On Saturday morning the press stands displayed front pages where three words seem to dominate : carnage, horror and war. The French president declared a state of emergency and closed all borders. Constitutionally, a state of emergency can be declared for up to 12 days. After that, a vote in Parliament is needed. The Paris authorities have asked everybody to stay home and not move around in the city. Feeling under siege, Parisians are now almost under curfew. Streets are therefore empty, the open air markets have all been cancelled, schools, universities, sport facilities have closed. Townhalls are functioning minimally.
State of Emergency
A state of emergency was declared way back in 1955 to deal with what was then termed ‘the events in Algeria’ or what turned out to be Algeria’s decolonisation war against France. In practical terms, it means the police can detain and search with more ease. Besides, the Schengen agreement that opened all borders within the European Union has been momentarily suspended so as to enable controls at the borders.
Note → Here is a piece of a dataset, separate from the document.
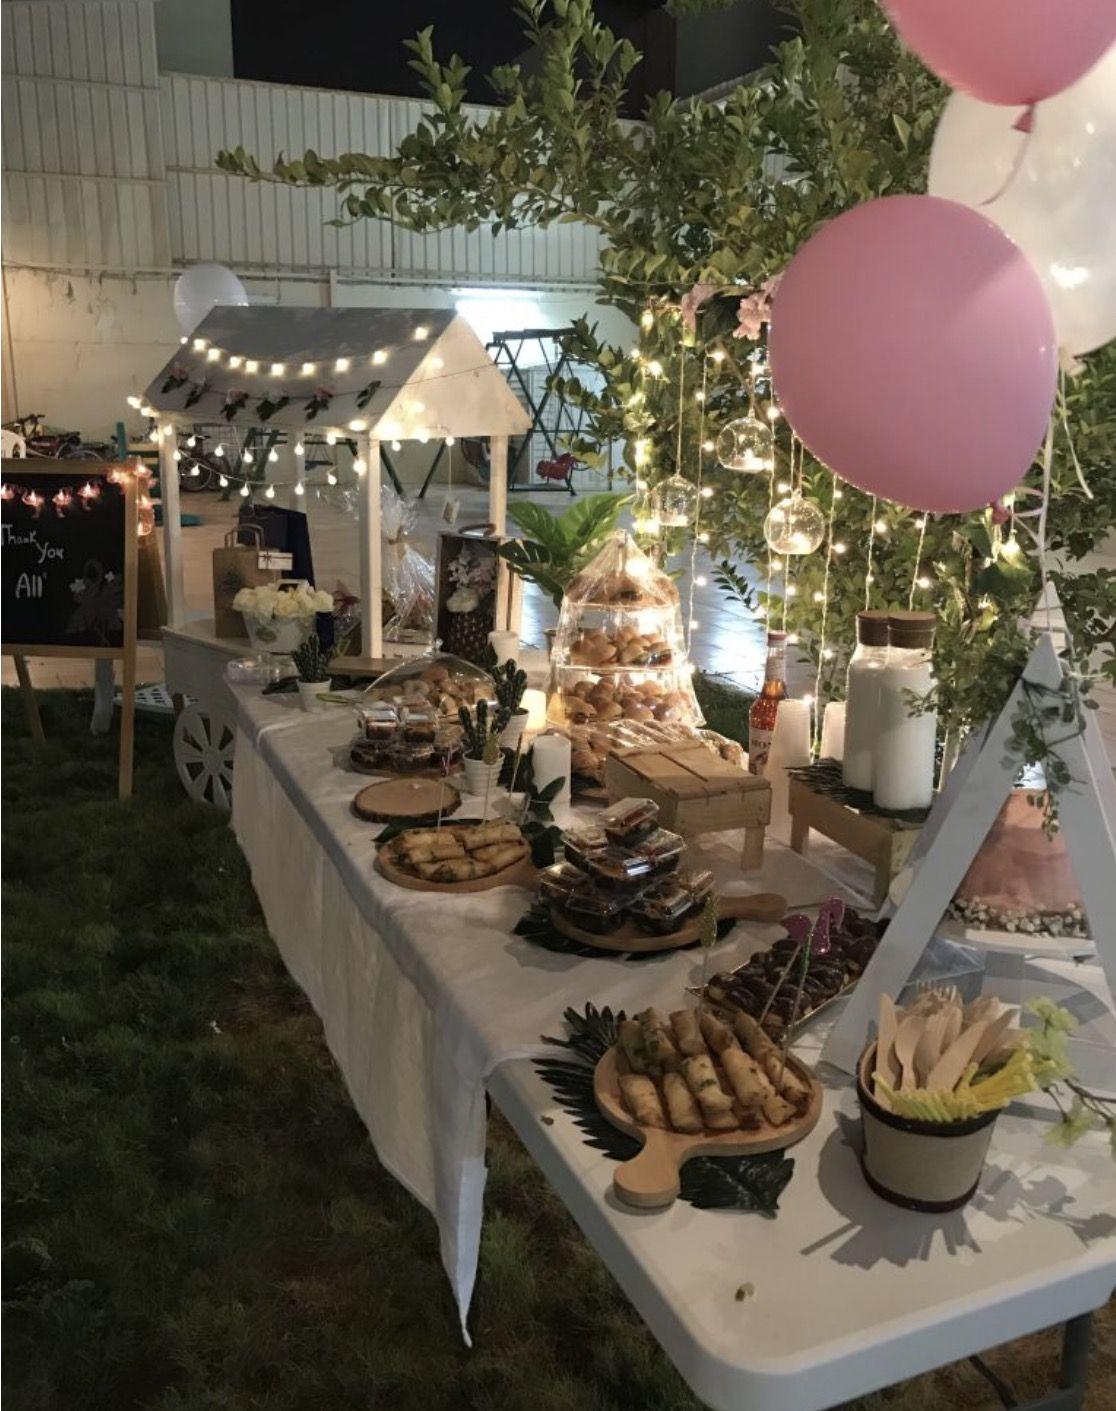 أفكار لحفلات تخرج حساب صاحبه فكرة انستغرام Saraalshay3 يوتيوب The Delight In White T Candy Table Table Decorations Decor

French President François Hollande declared, ‘We know where this is coming from’. The Foreign Affair minister Laurent Fabius has already said that France will not change its policy in Syria. Closing borders will probably help with the inquiry. It is important to note that the terrorists spoke French ; this is not an imported problem. Coulibaly, the Charlie Hebdo killer, was French too.
The official Coat of Arms of Paris has a boat on it. And the motto of the city is fluctuat nec mergitur, a Latin phrase that translates as “tossed but not sunk”. Life will slowly resume in Paris, just like it did in Bombay after the 2008 attacks. The city will not sink. But it will take a while before we sail through this terrible storm.